Doxorubicin, a first-line chemotherapeutic agent, often faces resistance in breast cancer subtypes, leading to treatment failure. HSPs (Heat shock proteins), especially HSP90, and their pseudogenes like HSP90AB4P have been implicated in fostering resistance mechanisms by regulating apoptotic and survival pathways in cancer cells. The aim of this study is to investigate how inhibiting HSPs using a novel pyro-salicylic acid derivative (7A) can sensitize doxorubicin-resistant breast cancer cells (MCF-7/ADR) to chemotherapy.

Methods

The potential role of HSP inhibitor with doxorubicin at different concentrations was tested to reveal synergetic and additive effects by combination index (CI) analysis.
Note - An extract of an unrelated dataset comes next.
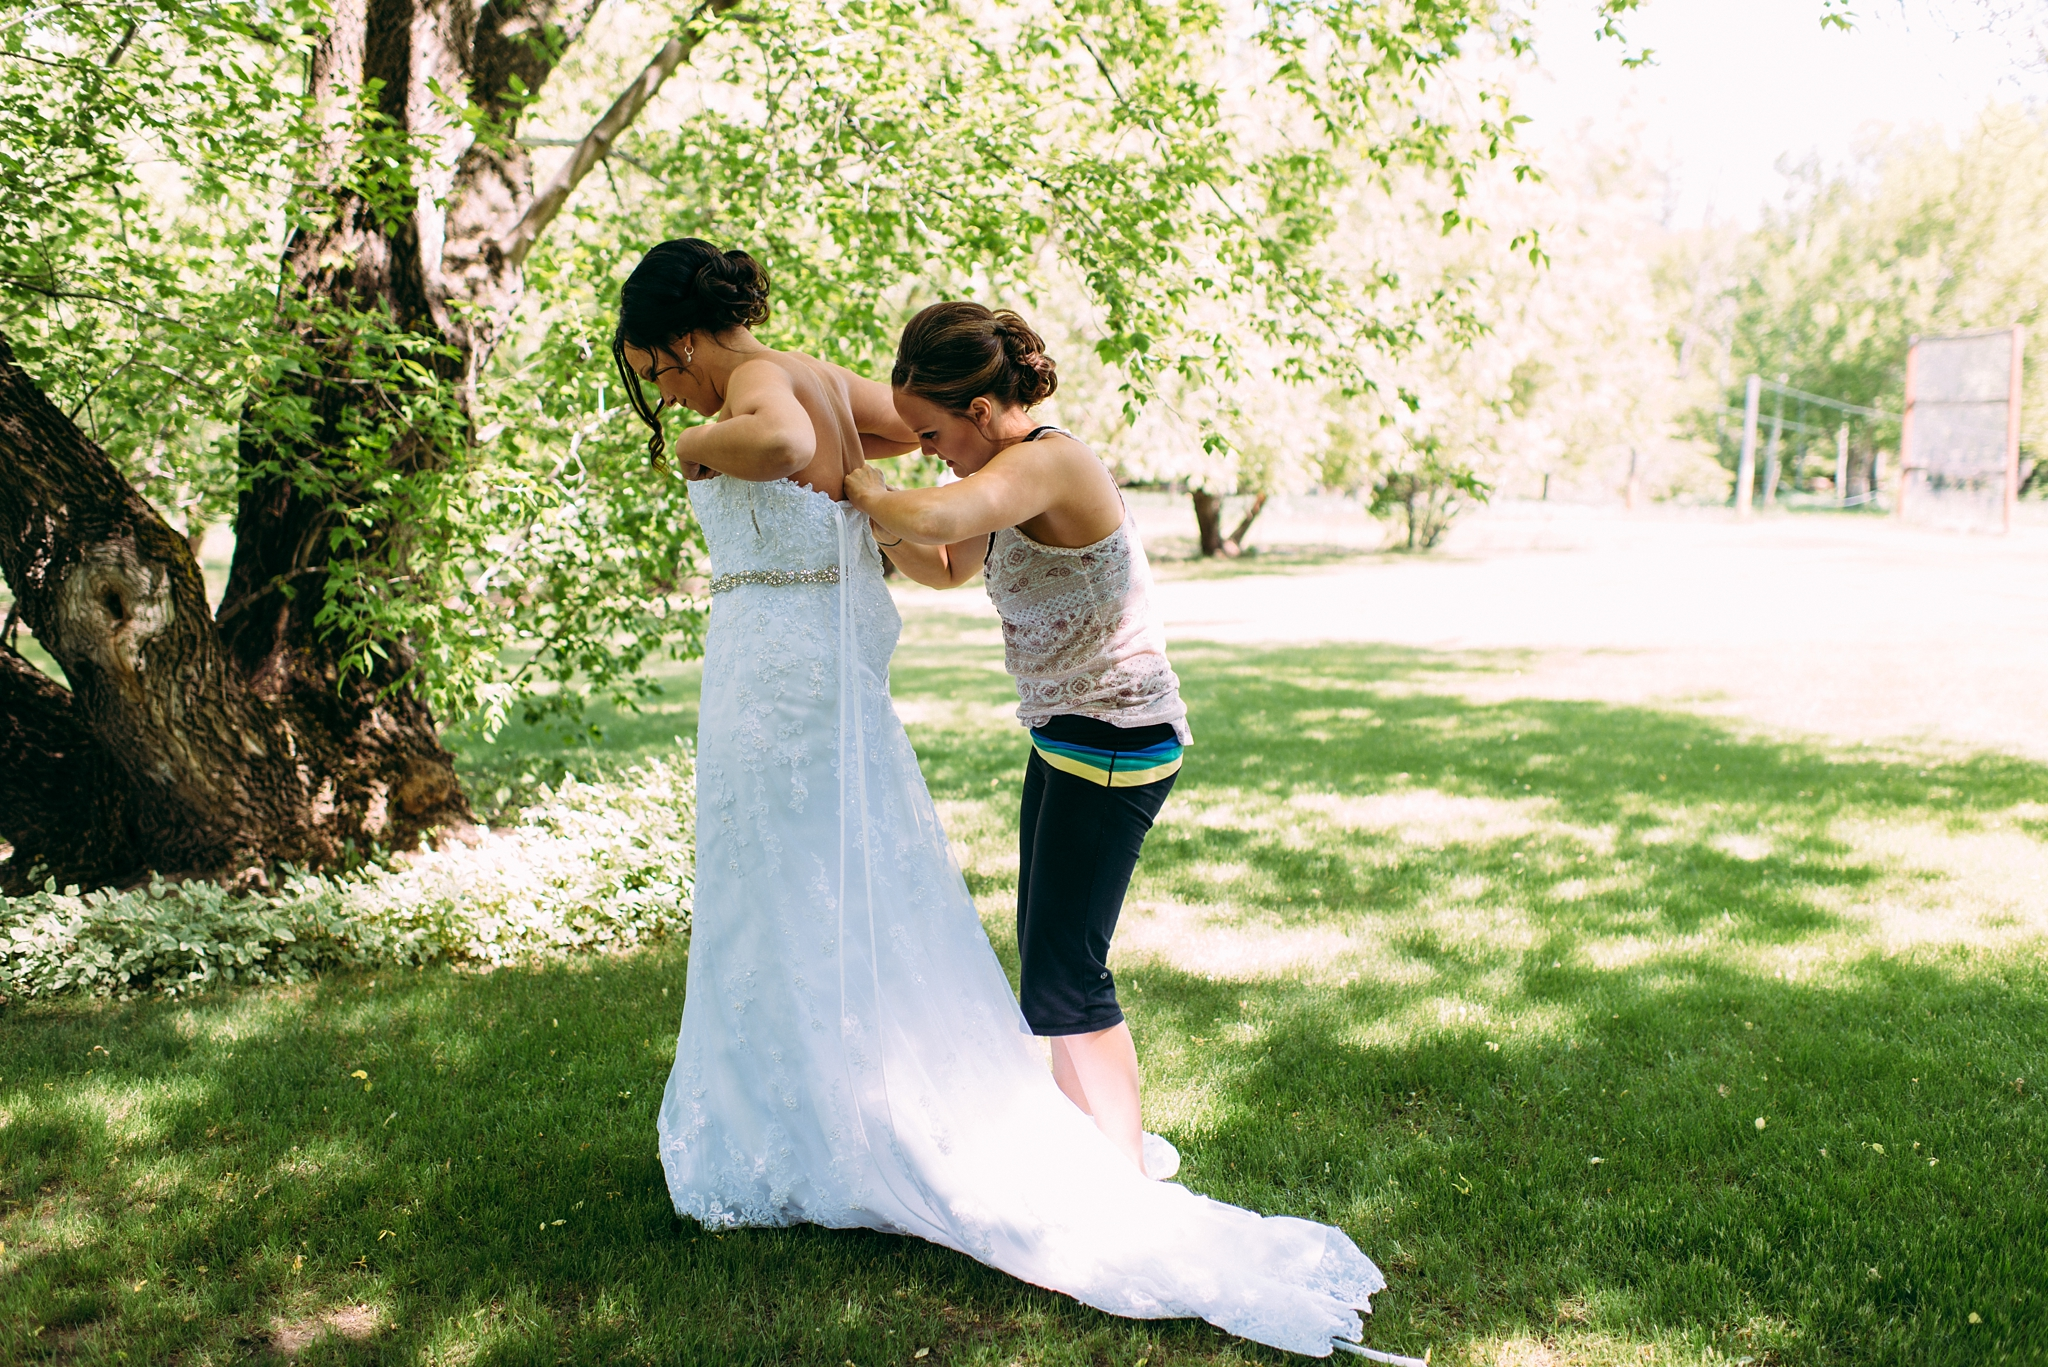 kaihla_tonai_intimate_wedding_elopement_photographer_1505

Cell cycle analysis, apoptosis assays, and gene expression profiling PCR arrays supported the impact of 7A over MCF-7/ADR cells' molecular pathways.

Results

HSP inhibitor efficiently suppressed doxorubicin resistance over invasive breast ductal carcinoma and has a synergetic effect. The inhibitor decreases HSP90AB4P and small HSPB1 expression efficiently.

Conclusion

Our findings demonstrate that 7A suppresses doxorubicin resistance in MCF-7/ADR cells by reducing the expression of HSP90AB4P and small HSPB1, leading to an increase in apoptosis and cell cycle arrest. The combination of 7A and doxorubicin exhibits a synergistic effect (CI < 1), enhancing cytotoxicity and overcoming resistance mechanisms. The cells are driven to apoptosis and the inhibitor significantly decreases doxorubicin resistance.

Targeting HSPB1 and its pseudogene HSP90AB4P with 7A offers a promising therapeutic strategy to overcome doxorubicin resistance in breast cancer.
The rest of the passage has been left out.